New genome resource helps study genetic traits in major crops

Thanks to a new genome resource created for green millet, researchers will be able to study the genetics of crucial traits in crops, like sorghum and maize, in a much better way. The resource was created by three RIKEN scientists.

A genome resource for green millet (shown here) will help scientists find the genes controlling agricultural traits in important crops. Image Credit: © Valery Prokhozhy/Alamy.

The significance of the new genome resource has already been demonstrated by detecting the gene in foxtail millet that accounts for seed shattering—the process through which plants discharge seeds, which is crucial for plants to spread in the wild but significantly contributes to yield loss in crops.

The genome resource includes a reference sequence from green millet line A10.1 along with the sequenced genomes of almost 600 diverse green millet samples. The genome resource was organized by an international research team, headed by Elizabeth Kellogg from the Donald Danforth Plant Science Center, Jeremy Schmutz from the Department of Energy Joint Genome Institute, and Hitoshi Sakakibara from the RIKEN Center for Sustainable Resource Science.
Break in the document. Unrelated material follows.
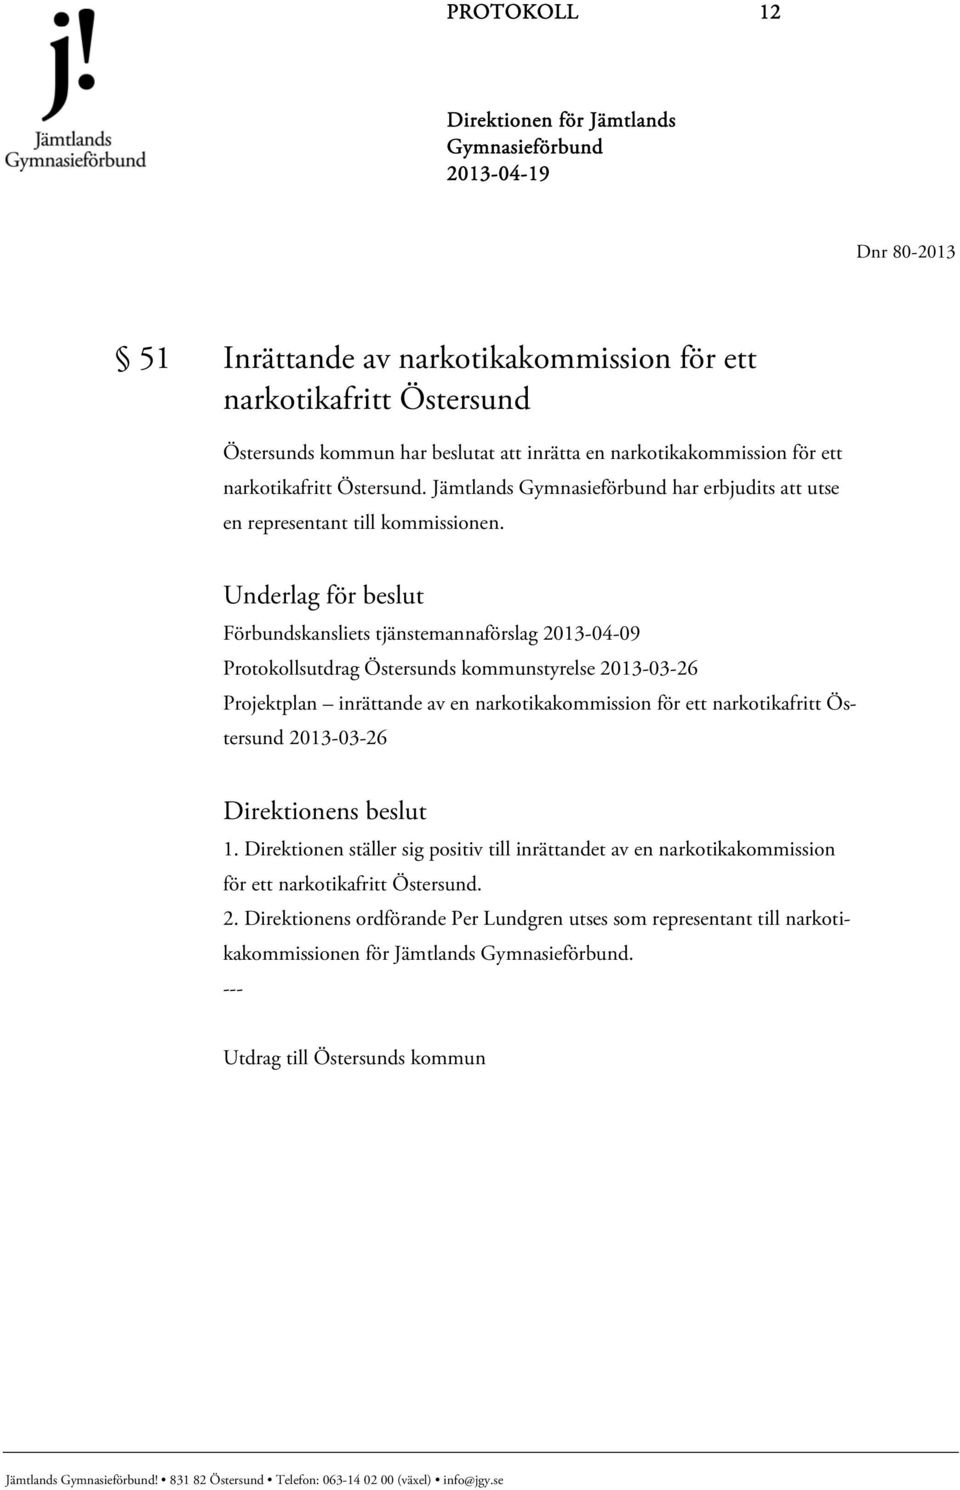 Underlag för beslut Förbundskansliets tjänstemannaförslag 2013-04-09 Protokollsutdrag Östersunds kommunstyrelse 2013-03-26 Projektplan inrättande av en narkotikakommission för ett

Initially, the team utilized the novel tool to study the evolutionary history and population structure. A study based on genetic modifications detected many subpopulations extracted from distinct Eurasian gene pools. This analysis also demonstrated that certain populations in North America are admixtures of diverse Eurasian subpopulations, supporting the concept that green millet originated from Eurasia and entered North America via many routes, after which the founding populations scattered and combined together.

The researchers also used the new genome resource to study selection and domestication, creating new techniques to examine the genomic data.

This allowed us to map the presence and absence of gene variants, even for genes not in our genomic reference. It also enabled us to analyze structural variants better than what is usually possible from short-read sequencing data.”

Jeremy Schmutz, Department of Energy Joint Genome Institute

The researchers looked at the associations between different types of genomic changes and environmental variables, and studied the adaptions of green millet to different conditions. While they did not find many loci associated with the abiotic variation, they did find signs of selection on several genes implicated in flavonoid metabolism.

Many flavonoid compounds are thought to provide defense against pathogens and being eaten by animals. Because herbivores and pathogens differ in different geographical regions, we might expect plant defense compounds to differ as well.”

Elizabeth Kellogg, Donald Danforth Plant Science Center

The researchers finally used the new genomic tool to establish how the domestication of millet had decreased seed shattering. The team detected one specific gene associate with variations in seed shattering, which had been mutated in the case of domesticated foxtail millet. Then using CRISPR–Cas9 gene editing to remove the gene in green millet, the team verified its role to decrease seed shattering.

Since green millet is a model species for studying associated crops, like maize, millet, and sorghum, this useful genome resource can help unravel the evolutionary history and biology of the crops and detect genes for biotechnological enhancement.